Is it possible to create very successful looks from a home hair colour tones and hues with reasonable success?  Although more complicated coloring projects should be outsourced to a professional colour technician,

With some careful planning. A list of realistic expectations with a little patience and knowledge, new shades of blonde, radiant red and chocolate brown can all be possible.

As can the funky bright fashion shades the key is as much as possible not to over process your hair with over bleaching, take the time to consider the colours you want and your expectation not just short term!

Un-Tangling the world of Home Hair Colouring:

The following tips and advise will hopefully help you navigate through a vast array of hair colours with ravishing results:

                                 over processed home hair colouring above

Before Shot.

Plan your hair color strategy well. 

Prospective home hairdressers carefully evaluate your colour goals before they even consider making a product purchase maybe have a consultation with a professional colour technician.

Every one experimenting with home hair colour especially newbies should study all of the current hair colour formula options. ask advice seek information.

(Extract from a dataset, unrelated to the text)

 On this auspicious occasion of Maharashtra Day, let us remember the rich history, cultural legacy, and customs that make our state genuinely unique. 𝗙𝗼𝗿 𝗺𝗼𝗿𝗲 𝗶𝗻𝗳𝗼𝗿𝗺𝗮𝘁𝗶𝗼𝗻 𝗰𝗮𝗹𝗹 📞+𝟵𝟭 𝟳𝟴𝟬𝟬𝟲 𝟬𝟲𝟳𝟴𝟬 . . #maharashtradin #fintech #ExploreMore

Home hair color products fall into the following ranges:

 Temporary – Lasts through 1-2 shampoos.  Coats outside of cuticle but does not usually contain peroxide or ammonia.  Will not lift color but will deepen, brighten or enhance existing colour. this includes the bright high fashion shades. some of these colours can build up of they can some times result in staining that can stay behind as colour washes out especially on porous hair.

Semi-Permanent – Lasts 4-6 shampoos.  Coats outside of the cuticle and sometimes deeper deposit can be created depending on the ph of the product opening the cuticle layer.  Generally is free of peroxide or ammonia.  May be more permanent in some situations.

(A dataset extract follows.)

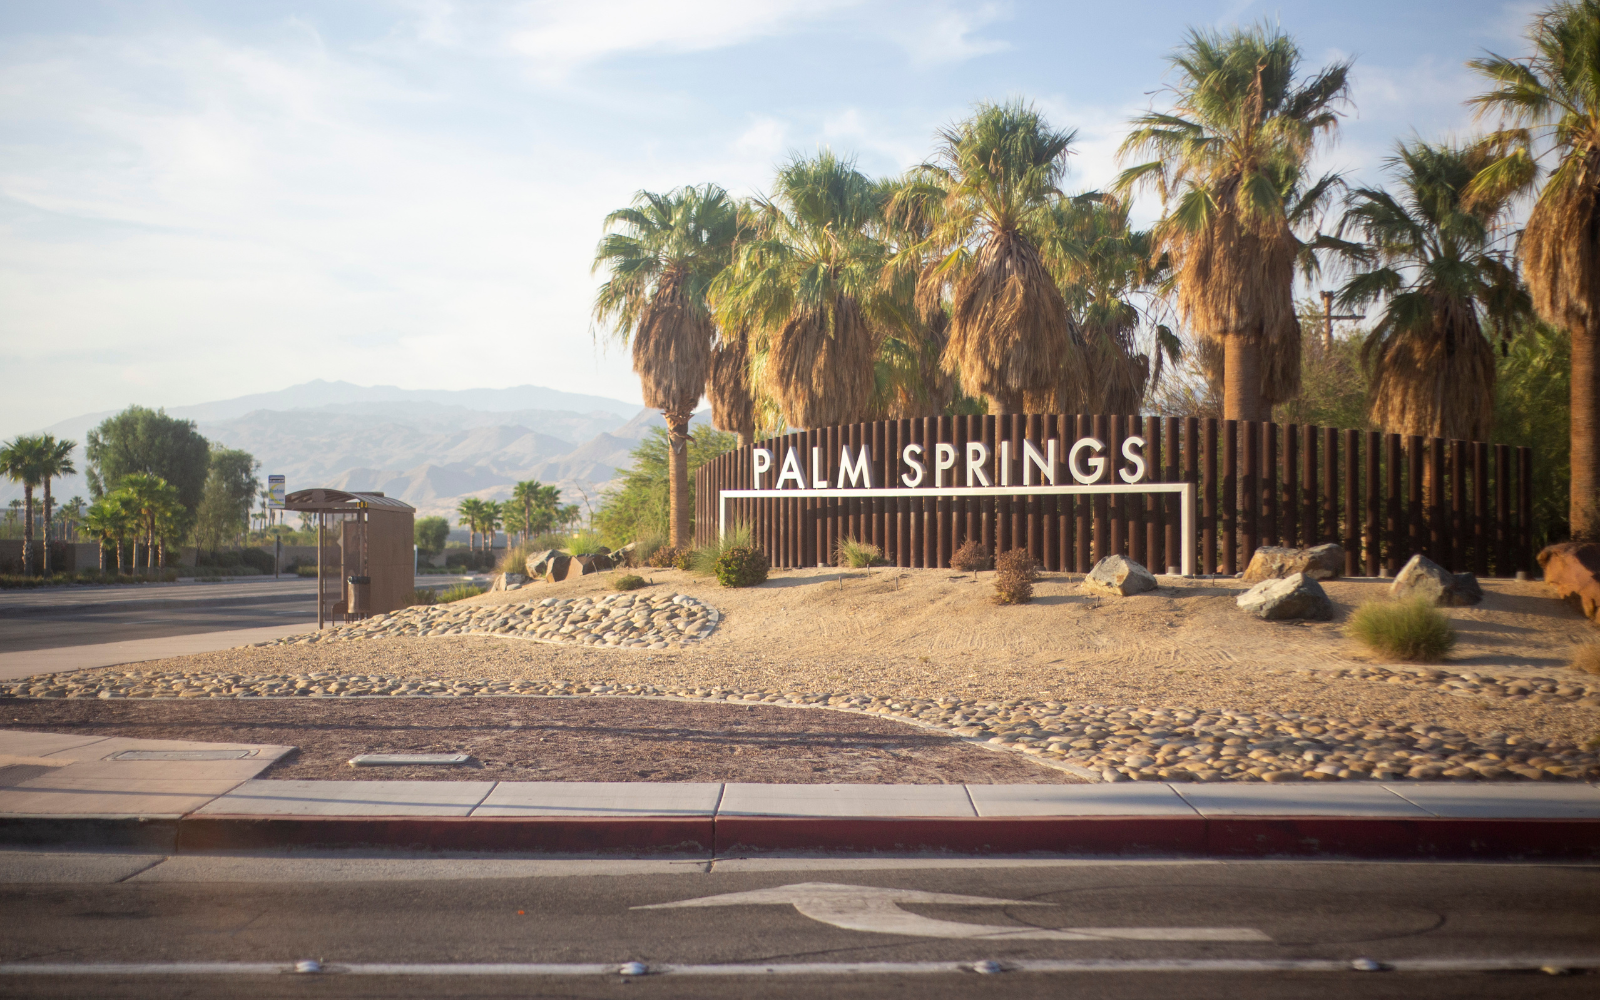 Where to Stay in Palm Springs | Best Areas & Hotels

Continued use can result in pigment build up/staining especially on very porous hair sometimes have alkaline base to open cuticle this can create build up and staining.

Demi-Permanent – Lingers through up to 20 shampoos.  Deposits colour between cuticle and cortex. normally contain low level of peroxide and/or ammonia. or something that does the same job change the Ph open the cuticle to enable deposit.

Permanent – Cuticle is opened and color is deposited down into the cortex. Contains peroxide and ammonia.  or something else to deliver the colour molecule [eg MEA} Colour lasts until it grows out, is cut off or is recolored.

Highlights – Lifts pigments from the cortex. Contains peroxide, bleach and ammonia. volume of peroxide dictates lift  timing essential.

                                            Below make over shot from above 

The colour was done with Highlights and panels using only Demi formulation tore pigment hair!

Double Process Colour – Cuticle is first opened and hair is lightened 4-6 levels with peroxide, ammonia and bleach.  New colour is then deposited via a toner into the cortex through the cuticle. some situations, wash out tones may become permanent if applied to strands that are porous or damaged from previous bleaching or chemical treatments. explanation also applies to the high fashion bright colours.

While Temporary, Semi and Demi- Permanent hues are generally considered safe it is fair to point out there are always exceptions to every hair rule, For example in some situations, wash out tones may become permanent if applied to strands that are porous or damaged from previous bleaching or chemical treatments. What does this mean exactly?

That if you apply a temporary colour to strands that are damaged and thus porous or more absorbent than normal the colour will seep down deep into the cortex and may permanently stain.  Thus repeated attempts to wash out the colour will be ineffective. Again this explanation is true of the bright fashion shades. Build up and staining can create issues when trying to switch into new colours!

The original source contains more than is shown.